この教科書を採用すれば、それで教えを受ける子供たちに大きな影響を与えることは間違いない。教科書の反対派・賛成派やマスコミ、市民団体からあらゆる関心が寄せられ、いろいろなコメントが出るだろう。また、「変な教科書で歴史を学んだ子供」というレッテルも貼られかねない。そういったことに対するれ教育的配慮はなかったのだろうか。
繰り返していうが、私は、扶桑社の教科書は読んでいないのでよいのか悪いのか知らない。しかし、この教科書を採用することによって、この地域の子供たち間違いなく、必要のない注目を浴びることになる。これではとても落ち着いた教育環境とはいえない。そういう決断を下した教育委員会の見識は、疑わしいものがある。
「新しい歴史教科書を作る会」に関する私見としては、代表役員の中に、そうそうたる教授陣が並んでいるものの、その中で歴史を専門としている人は二人、しかも一人は西洋史、それ以外は政治学者や評論家ばかり、という点が気にかかる。
日本の近代史を専攻した私にしてみれば、歴史なんてどれが事実かさっぱりわからん、というのが本音。教科書は「?である。

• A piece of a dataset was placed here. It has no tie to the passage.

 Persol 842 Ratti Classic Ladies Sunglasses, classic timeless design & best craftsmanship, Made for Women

」なんて書いているけど、本音としては「?という説が有力である。」とか「?といわれている。」というのが正解。一般の人が歴史系の学会とかに行ったらびっくりするだろうな、と思う。「大化の改新はなかった」とか、きちんとした証拠を挙げてそういう説を唱える先生もいるのだ。もちろん反証もあるのだけど、どっちが本当かにわかには判断できないことは請け合い。

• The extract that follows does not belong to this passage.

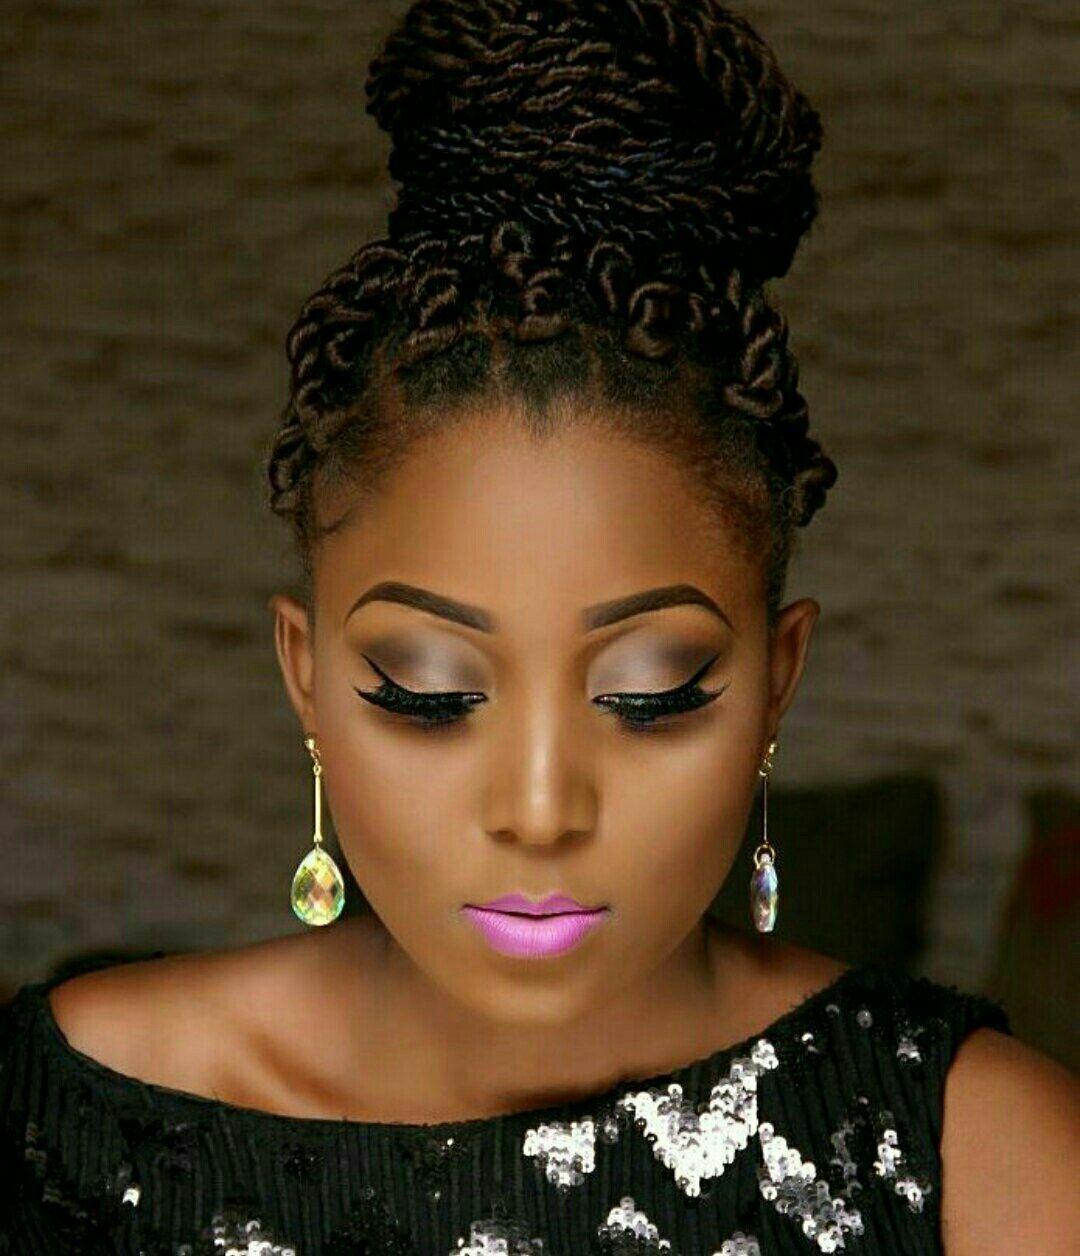 Pin by Teeka4 on Nigerian Makeup Artists Black natural

少し前まで足利尊氏と紹介されていた肖像画だって、いまでは「武者像(伝・足利尊氏)」。新しいか古いかは知らないけど、歴史教科書なんてみんなそんなもんである。
どんな教科書を採用してもよいけれど、社会の先生にぜひお願いしたいのは、何にでも疑問を持って良いことを生徒には教えてほしい。その疑問を追及して、徹底的に調べて、そこから何か納得の行くものを得られれば、それが真実なのだから。学問ってそういう楽しいものだ。政治的に利用なんてされてたまるか。